Untamed Lowcountry

End of summer ritual: grasshoppers in the Lowcountry, camouflaged but not silent

Green and brown body coloration helps camouflage this bird grasshopper, protecting it from predators.
Green and brown body coloration helps camouflage this bird grasshopper, protecting it from predators.

Grasshoppers are among our most familiar and ancient insects, with ancestors dating back some 300 million years.

Worldwide, there are about 11,000 kinds, including 600 species in North America and dozens in South Carolina alone. They’re closely related to katydids and crickets, which have longer, more prominent antennae.

In the Lowcountry during these warm, late summer days, look for grasshoppers in meadows, farm fields, roadsides and gardens.

Grasshoppers develop from eggs laid in pods deposited below the soil surface by females during the summer. A single pod can contain 10 to as many as 300 eggs. After a winter dormancy period, the eggs hatch the following spring or summer into nymphs — miniature, undeveloped versions of the adults.

Like adults, nymphs have sturdy jaws equipped for chomping on a wide variety of plants. In fact, they spend most of their time eating, periodically shedding their exoskeletons to accommodate their increasing size.

Over the next six weeks or so, nymphs also become sexually mature and, in most species, develop functional wings.

Because of their voracious appetites, grasshoppers can cause damage in gardens and farms, but only a few species have become notorious pests.

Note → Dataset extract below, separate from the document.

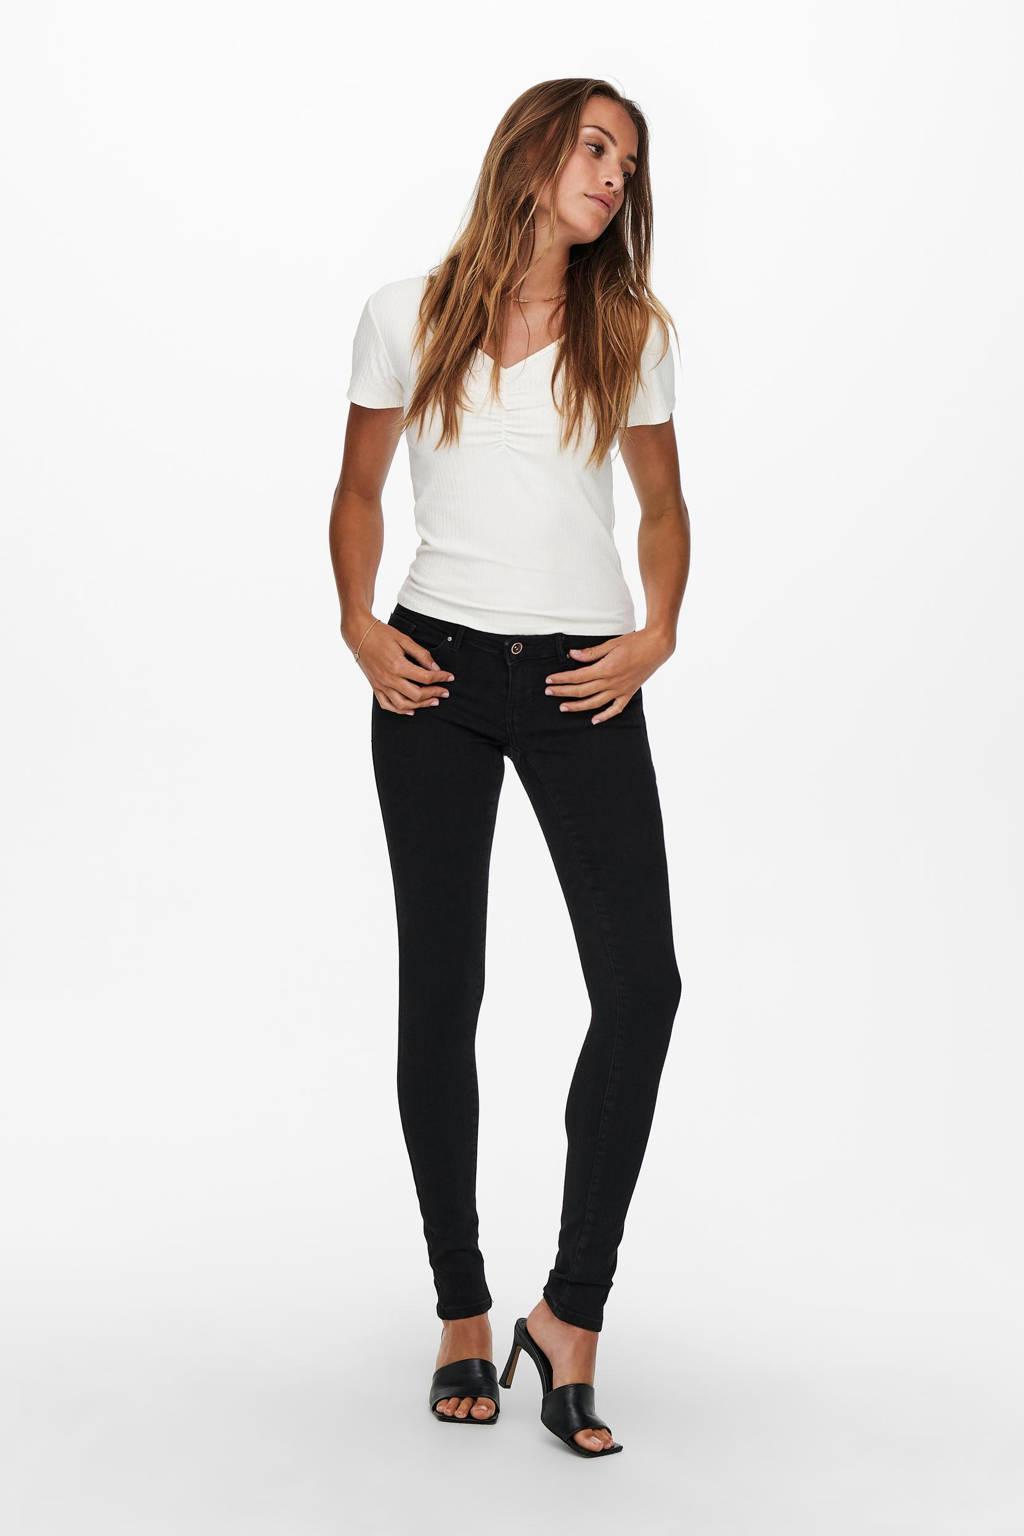 ONLY extra low waist skinny jeans ONLCORAL black denim, Black denim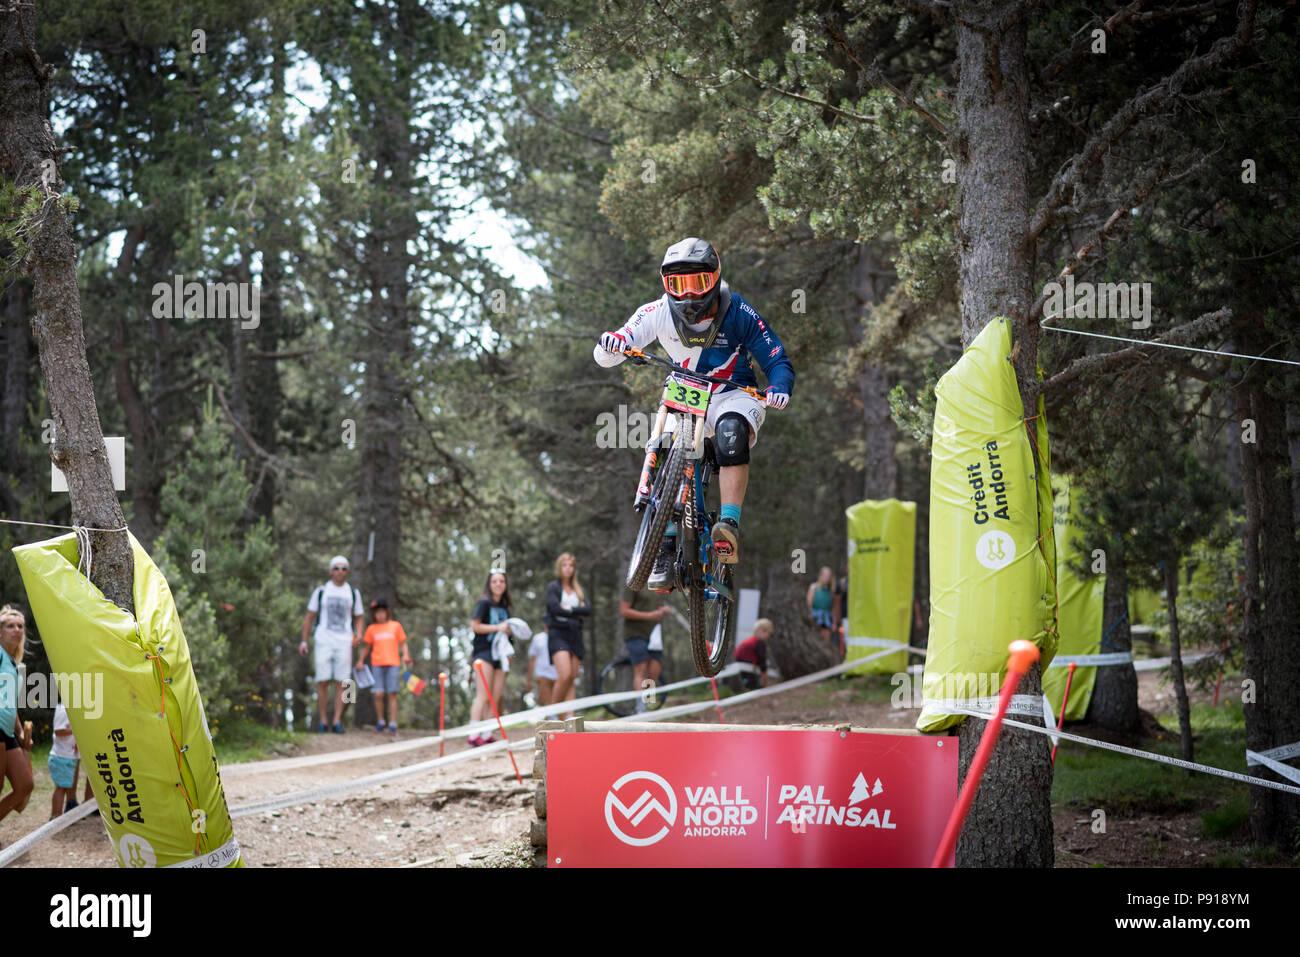 Vallnord, Andorra, 13 July 2018. 2018 World Cup UCI Vallnord Andorra Credit: Martin Silva Cosentino/Alamy Live News - Stock Image

In 1875, for example, the Rocky Mountain locust (Melanoplus spretus), now extinct, caused unimaginable devastation to crops in the Midwest. Migratory swarms of these gregarious grasshoppers contained billions of individuals, each able to eat its own weight in a single day.

Today, periodic infestations by other species of locusts still threaten croplands in East Africa, Southwest Asia, the Middle East, and elsewhere in the world — though fortunately not in the Lowcountry.

Overall, in fact, grasshoppers play an important ecological role by being food themselves for rodents, birds, snakes, raccoons, spiders, praying mantises and many other predators.

They also exhibit a wide array of anti-predator defense mechanisms.

Most have the familiar, if startling, habit of launching themselves explosively from the ground when approached. Large grasshoppers can leap distances of three feet — about 20 body lengths — thanks to strong muscles in their hind legs.

After landing, a grasshopper usually runs a short distance and then turns, ready to jump again in a different direction. This tactic may confuse a predator about its exact location.

Many species, such as bird grasshoppers (Schistocerca spp.), also make short, evasive flights when disturbed.

And when they’re motionless, most grasshoppers are hard to spot, since they’re well camouflaged by their green or brownish body coloration.

Eastern lubbers (Romalea microptera), though, are more conspicuous. These robust, three-inch-long insects, common in the Southeast, vary in color pattern, but many are yellow or tawny with pink and black accents.

Lubbers can’t fly, and they’re poor jumpers. Instead, they deter predators by sequestering toxic alkaloids from plants in their diet. Their brighter colors serve as “warning coloration,” advertising their unpalatability.

If grasped by a predator, many grasshoppers regurgitate a dark, repellent liquid (“tobacco spit”). Lubbers go even further, releasing a noxious, frothy substance and producing loud hisses by forcing air out of small breathing holes along the body.

Grasshoppers also produce sounds by scraping a row of pegs on their hind legs against the thickened edges of their forewings. These “stridulations” are species-specific and typically performed by males to attract females.

Compared to katydids and crickets, famous for their loud, buzzy, rasping songs, stridulating grasshoppers are fairly quiet.

But their reliable abundance in our fields and gardens this time of year is a familiar sign of the end of summer and the coming of fall.